If you're wanting to build an income portfolio but aren't a fan of stock picking, then ASX exchange-traded funds (ETFs) could be the answer.
That's because they offer you the chance to invest in large groups of dividend shares with a click of a button.
But which ASX ETFs would be good options for income investors this month? Two to consider in January are listed below:
BetaShares S&P 500 Yield Maximiser (ASX: UMAX)
The first ASX ETF for income investors to look at is the BetaShares S&P 500 Yield Maximiser.
This ETF has been designed to give investors access to the top 500 companies listed on Wall Street.
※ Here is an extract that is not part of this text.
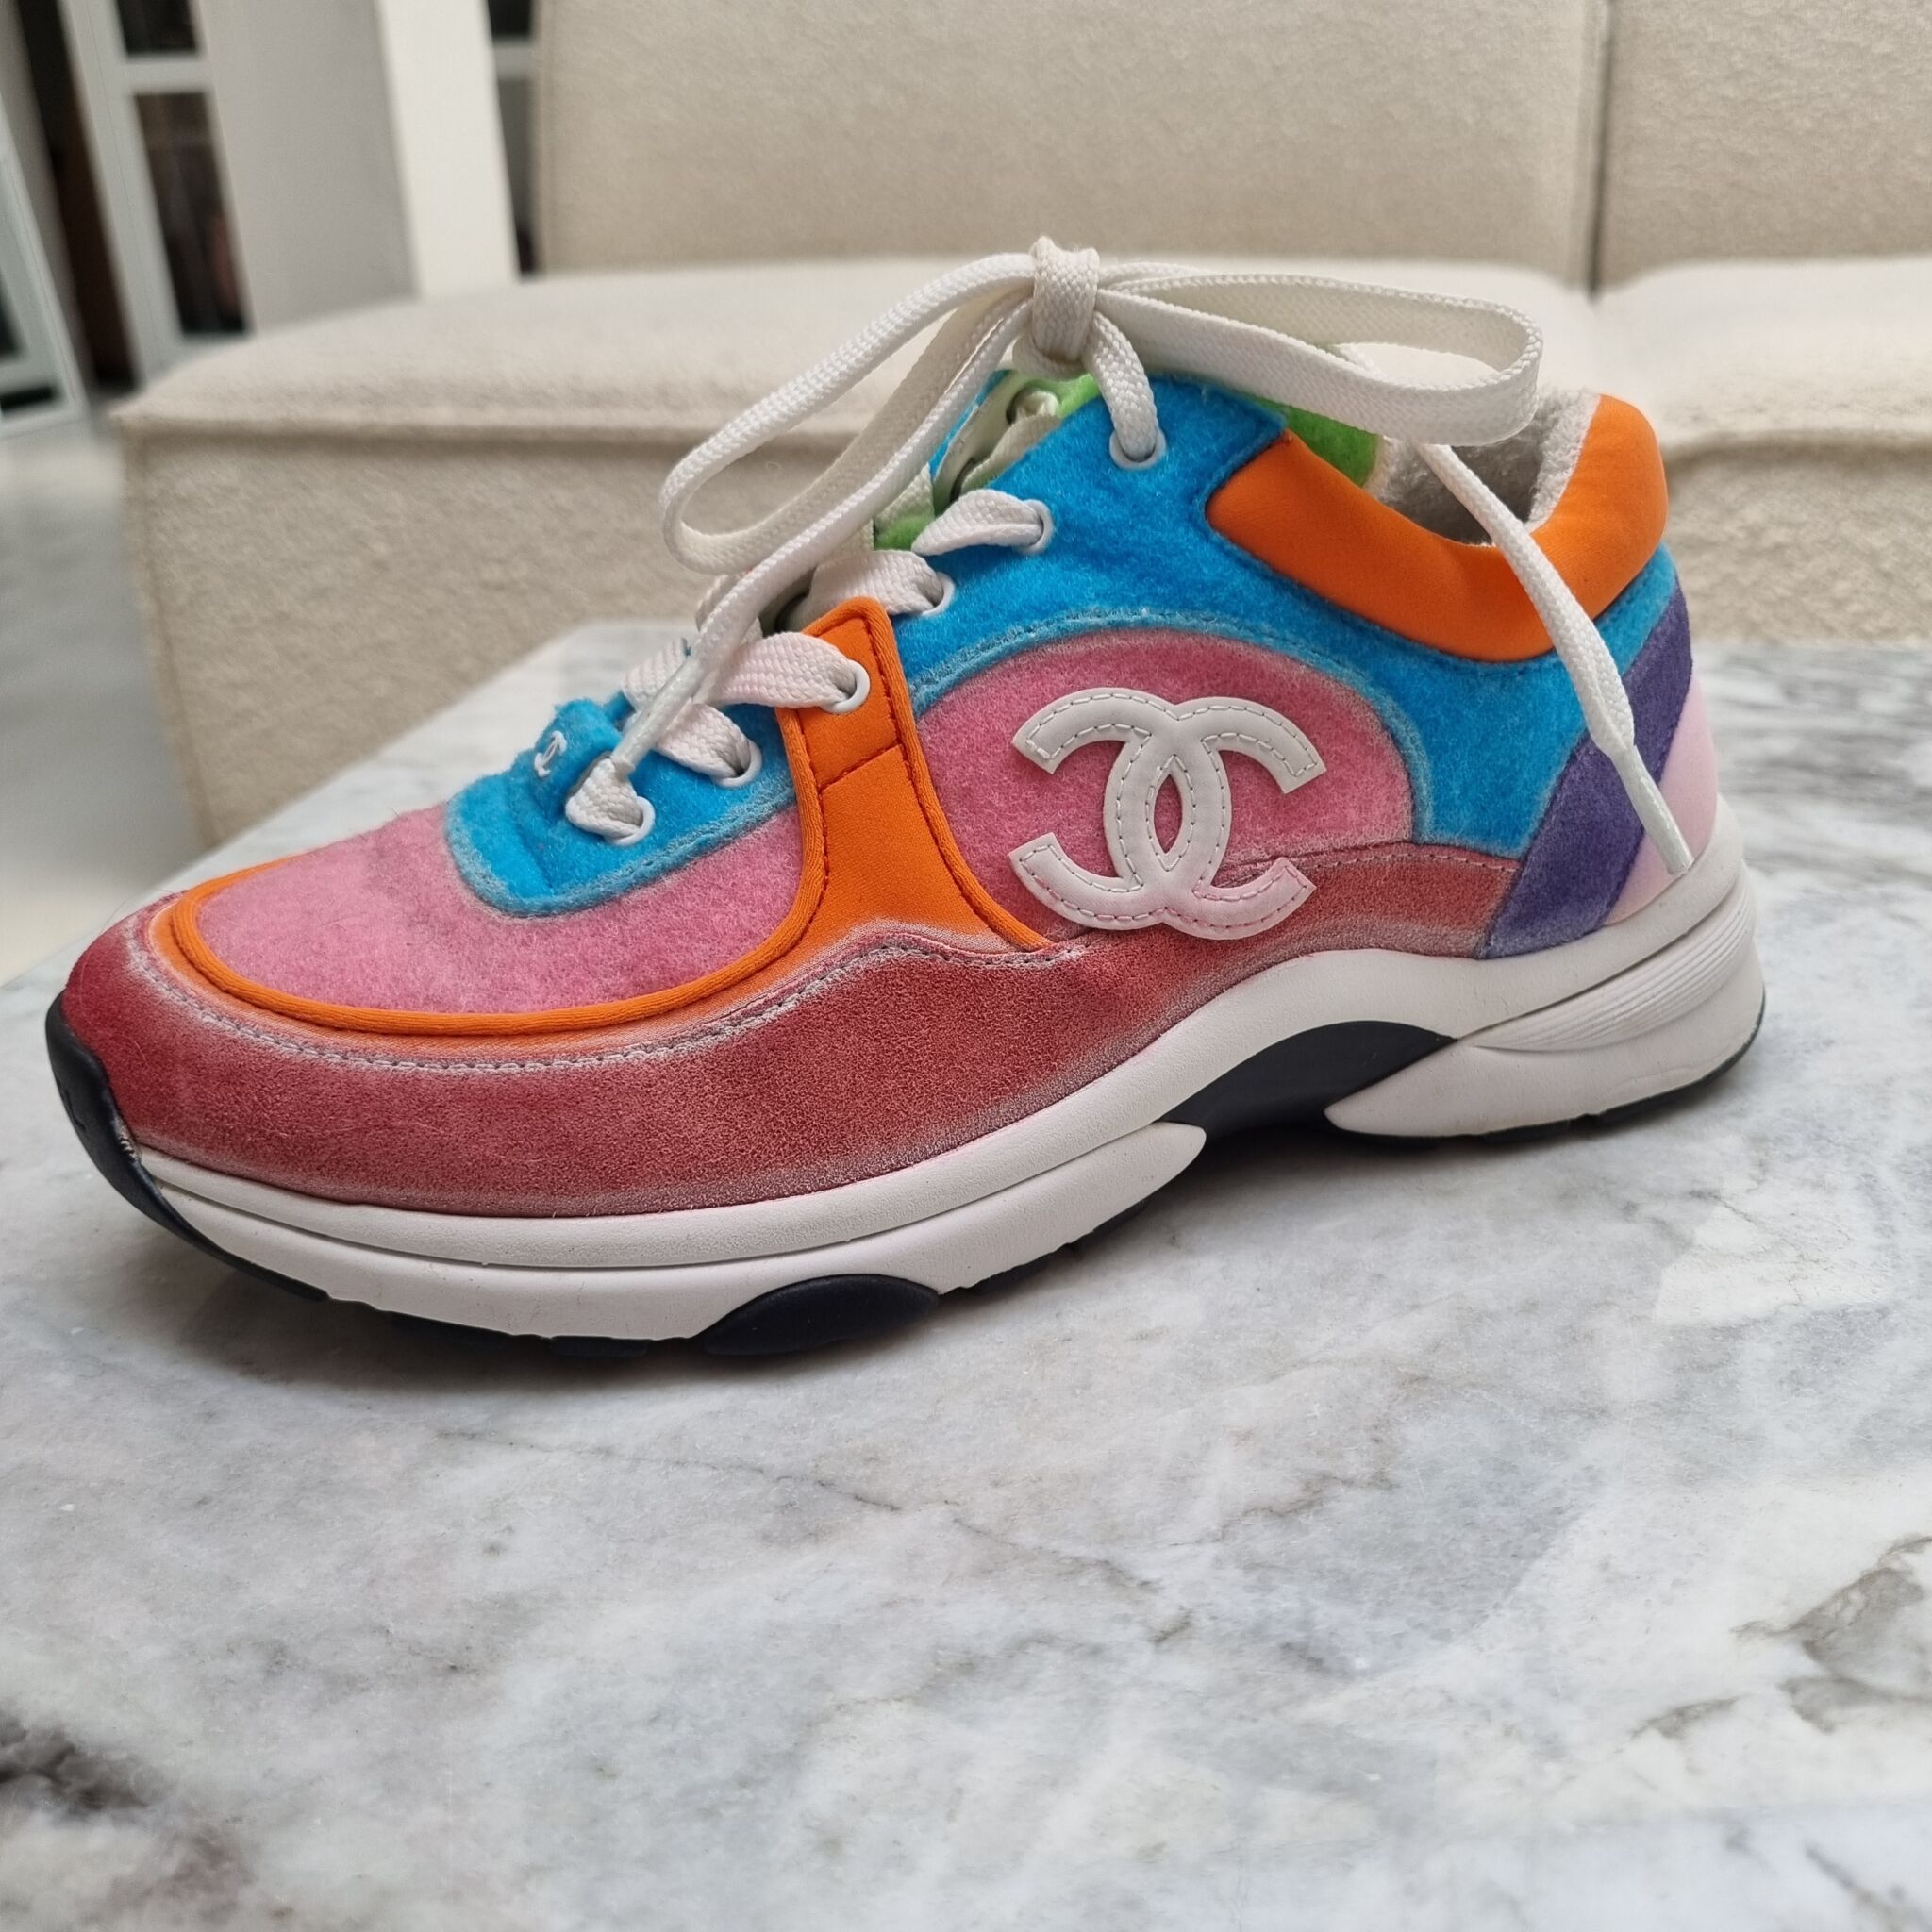 Chanel x Pharrell Low-Top Sneakers - Women's 37 – Fashionably Yours

This includes giants such as Apple, Exxon Mobil, Johnson & Johnson, and Walmart.
And while the S&P 500 index currently has a dividend yield of just 1.5%, this ETF's actively managed covered call strategy means it has been paying out significantly more.
For example, at the last count, its units were providing investors with a trailing 5.8% distribution yield.
Vanguard Australian Shares Index ETF (ASX: VHY)
Another ASX ETF that could be a top option for income investors is the popular Vanguard Australian Shares High Yield ETF.
It offers investors low-cost exposure to a group of ~70 ASX shares that have higher forecast dividends relative to the market average. This includes the usual suspects such as BHP Group Ltd (ASX: BHP) and Commonwealth Bank of Australia (ASX: CBA), but also smaller names like Codan Limited (ASX: CDA).
It is also worth noting that the fund is constructed with diversification in mind. Vanguard restricts the proportion invested in any one industry to 40% and 10% for any one company.
The ETF currently trades with a trailing dividend yield of 5.5%.